Backbone | model | Lr schd | Mem (GB) | Train time (s/iter) | Inf time (fps) | box AP | mask AP | Download |
---|---|---|---|---|---|---|---|---|
R-50-FPN (d) | Mask R-CNN | 2x | 7.2 | 0.806 | 5.4 | 39.9 | 36.1 | model |
R-50-FPN (d) | Mask R-CNN | 3x | 7.2 | 0.806 | 5.4 | 40.2 | 36.5 | model |
R-101-FPN (d) | Mask R-CNN | 2x | 9.9 | 0.970 | 4.8 | 41.6 | 37.1 | model |
R-101-FPN (d) | Mask R-CNN | 3x | 9.9 | 0.970 | 4.8 | 41.7 | 37.3 | model |
R-50-FPN (c) | Mask R-CNN | 2x | 7.2 | 0.806 | 5.4 | 39.7 | 35.9 | model |
R-50-FPN (c) | Mask R-CNN | 3x | 7.2 | 0.806 | 5.4 | 40.1 | 36.2 | model |
Notes:
- (d) means pretrained model converted from Detectron, and (c) means the contributed model pretrained by @thangvubk.
- The
3x
schedule is epoch [28, 34, 36]. - The memory is measured with
torch.cuda.max_memory_allocated()
instead oftorch.cuda.max_memory_cached()
. We will update the memory usage of other models in the future.

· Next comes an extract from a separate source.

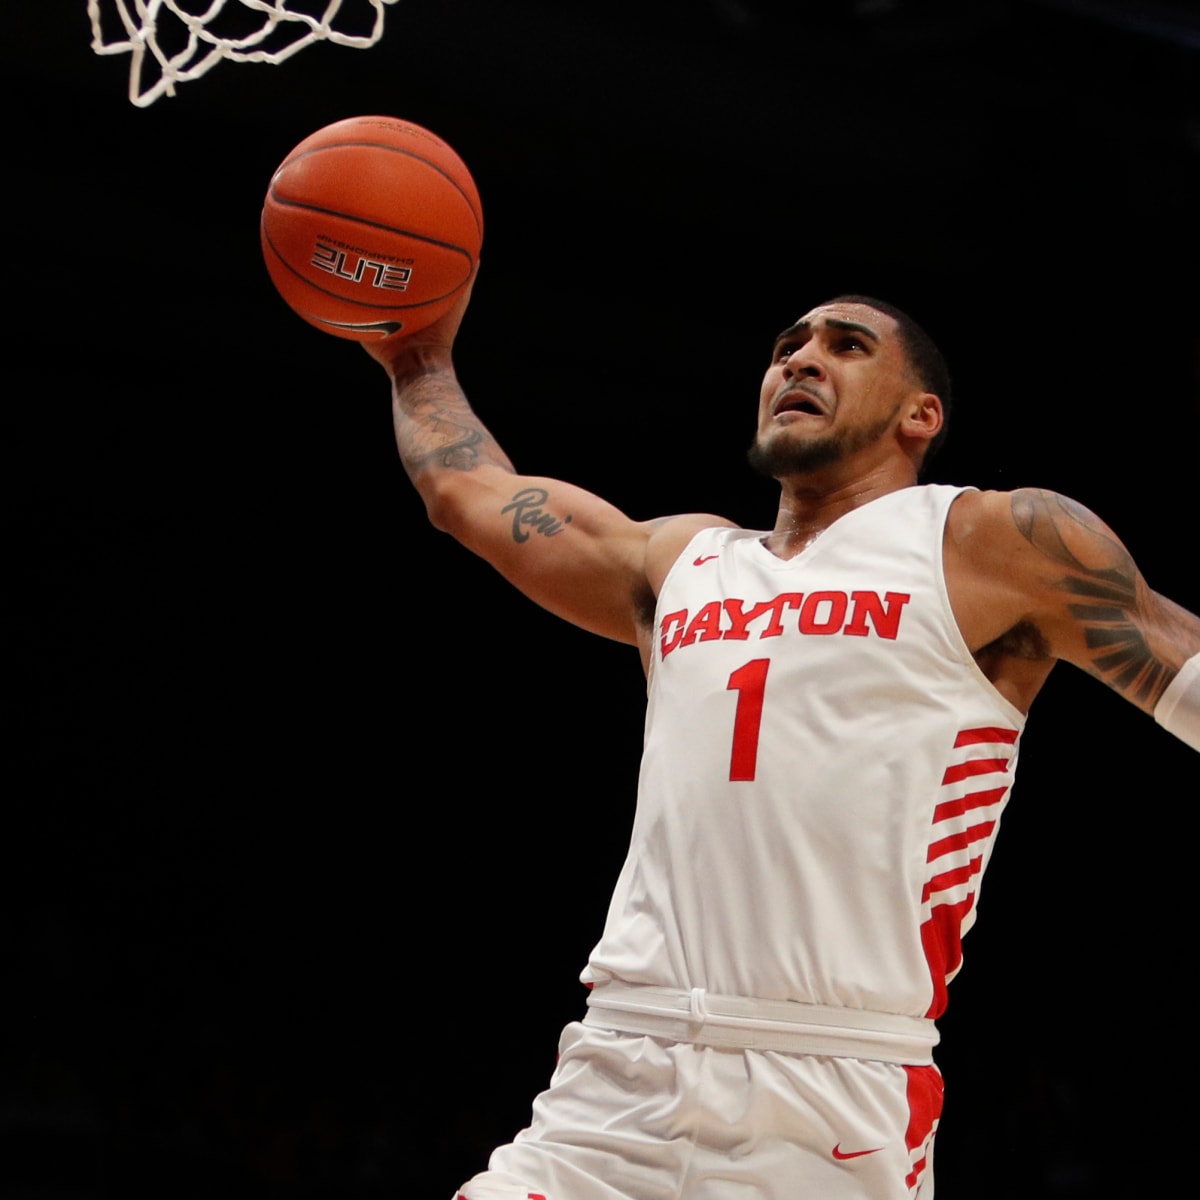 Obi Toppin of Dayton Flyers named AP National Player of the Year

We compare mmdetection with Detectron and Detectron.pytorch, a third-party port of Detectron to Pytorch. The backbone used is R-50-FPN.
In general, mmdetection has 3 advantages over Detectron.

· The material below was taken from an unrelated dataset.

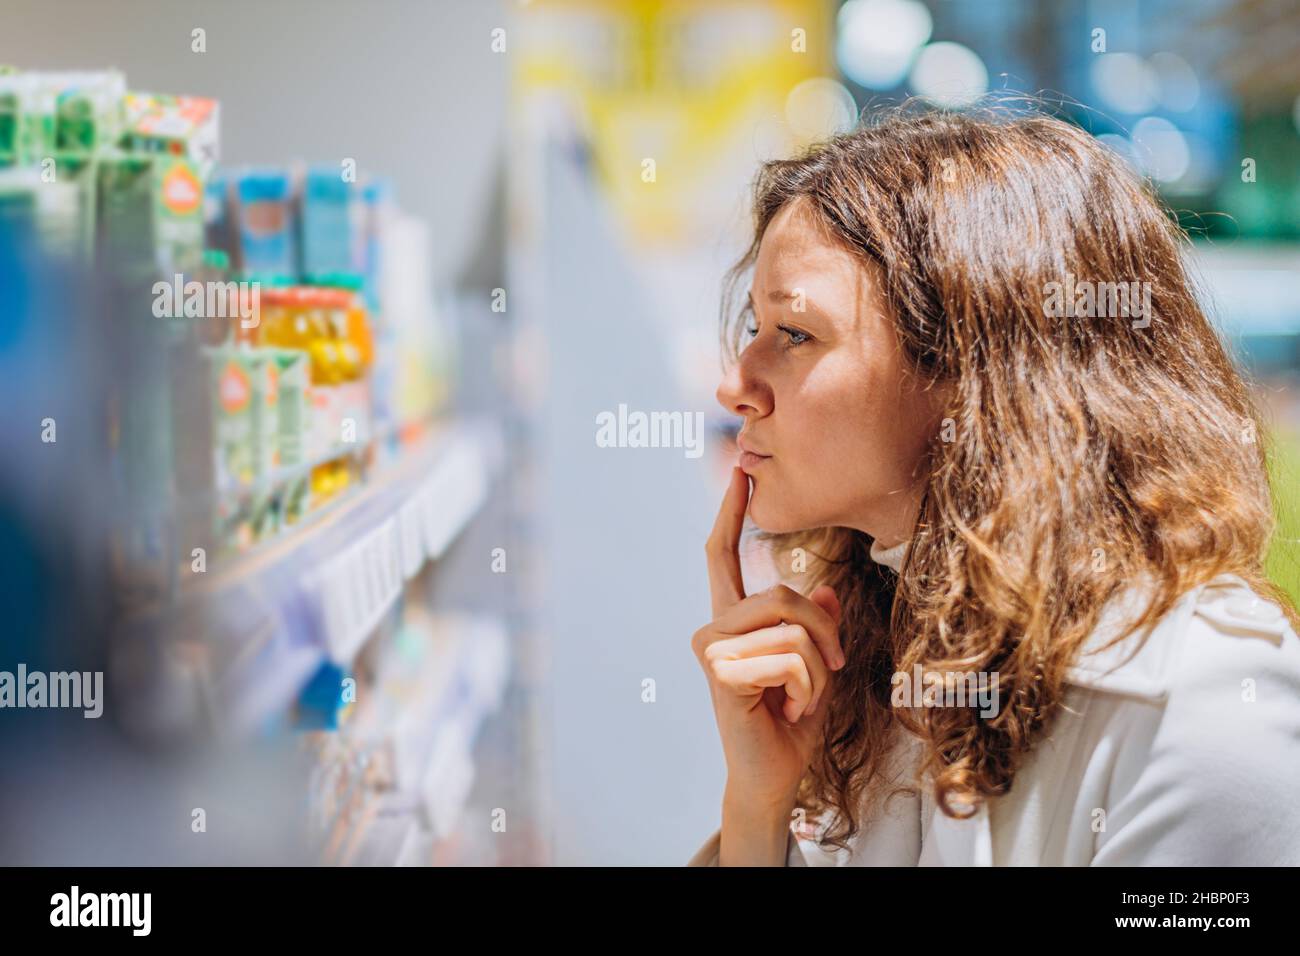 young woman mother reads the composition of children's food, examines the ingredients on juices in the supermarket, a portrait of an attentive shopper Stock Photo

- Higher performance (especially in terms of mask AP)
- Faster training speed
- Memory efficient
Detectron and Detectron.pytorch use caffe-style ResNet as the backbone. In order to utilize the PyTorch model zoo, we use pytorch-style ResNet in our experiments.
In the meanwhile, we train models with caffe-style ResNet in 1x experiments for comparison. We find that pytorch-style ResNet usually converges slower than caffe-style ResNet, thus leading to slightly lower results in 1x schedule, but the final results of 2x schedule is higher.
We report results using both caffe-style (weights converted from here) and pytorch-style (weights from the official model zoo) ResNet backbone, indicated as pytorch-style results / caffe-style results.
Type | Lr schd | Detectron | Detectron.pytorch | mmdetection |
---|---|---|---|---|
RPN | 1x | 57.2 | - | 57.1 / 58.2 |
2x | - | - | 57.6 / - | |
Faster R-CNN | 1x | 36.7 | 37.1 | 36.4 / 36.7 |
2x | 37.9 | - | 37.7 / - | |
Mask R-CNN | 1x | 37.7 & 33.9 | 37.7 & 33.7 | 37.3 & 34.2 / 37.5 & 34.4 |
2x | 38.6 & 34.5 | - | 38.6 & 35.1 / - | |
Fast R-CNN | 1x | 36.4 | - | 35.8 / 36.6 |
2x | 36.8 | - | 37.1 / - | |
Fast R-CNN (w/mask) | 1x | 37.3 & 33.7 | - | 36.8 & 34.1 / 37.3 & 34.5 |
2x | 37.7 & 34.0 | - | 37.9 & 34.8 / - |
The training speed is measure with s/iter. The lower, the better.
Type | Detectron (P1001) | Detectron.pytorch (XP2) | mmdetection3 (V1004 / XP) |
---|---|---|---|
RPN | 0.416 | - | 0.407 / 0.413 |
Faster R-CNN | 0.544 | 1.015 | 0.554 / 0.579 |
Mask R-CNN | 0.889 | 1.435 | 0.690 / 0.732 |
Fast R-CNN | 0.285 | - | 0.375 / 0.398 |
Fast R-CNN (w/mask) | 0.377 | - | 0.504 / 0.574 |
*1. Detectron reports the speed on Facebook's Big Basin servers (P100), on our V100 servers it is slower so we use the official reported values.
*2. Detectron.pytorch does not report the runtime and we encountered some issue to run it on V100, so we report the speed on TITAN XP.
*3. The speed of pytorch-style ResNet is approximately 5% slower than caffe-style, and we report the pytorch-style results here.
*4. We also run the models on a DGX-1 server (P100) and the speed is almost the same as our V100 servers.
The inference speed is measured with fps (img/s) on a single GPU. The higher, the better.
Type | Detectron (P100) | Detectron.pytorch (XP) | mmdetection (V100 / XP) |
---|---|---|---|
RPN | 12.5 | - | 14.5 / 15.4 |
Faster R-CNN | 10.3 | 9.9 / 9.8 | |
Mask R-CNN | 8.5 | 7.7 / 7.4 | |
Fast R-CNN | 12.5 | 14.5 / 14.1 | |
Fast R-CNN (w/mask) | 9.9 | 10.6 / 10.3 |
We perform various tests and there is no doubt that mmdetection is more memory efficient than Detectron, and the main cause is the deep learning framework itself, not our efforts. Besides, Caffe2 and PyTorch have different apis to obtain memory usage whose implementation is not exactly the same.
nvidia-smi
shows a larger memory usage for both detectron and mmdetection, e.g.,
we observe a much higher memory usage when we train Mask R-CNN with 2 images per GPU using detectron (10.6G) and mmdetection (9.3G), which is obviously more than actually required.
With mmdetection, we can train R-50 FPN Mask R-CNN with 4 images per GPU (TITAN XP, 12G), which is a promising result.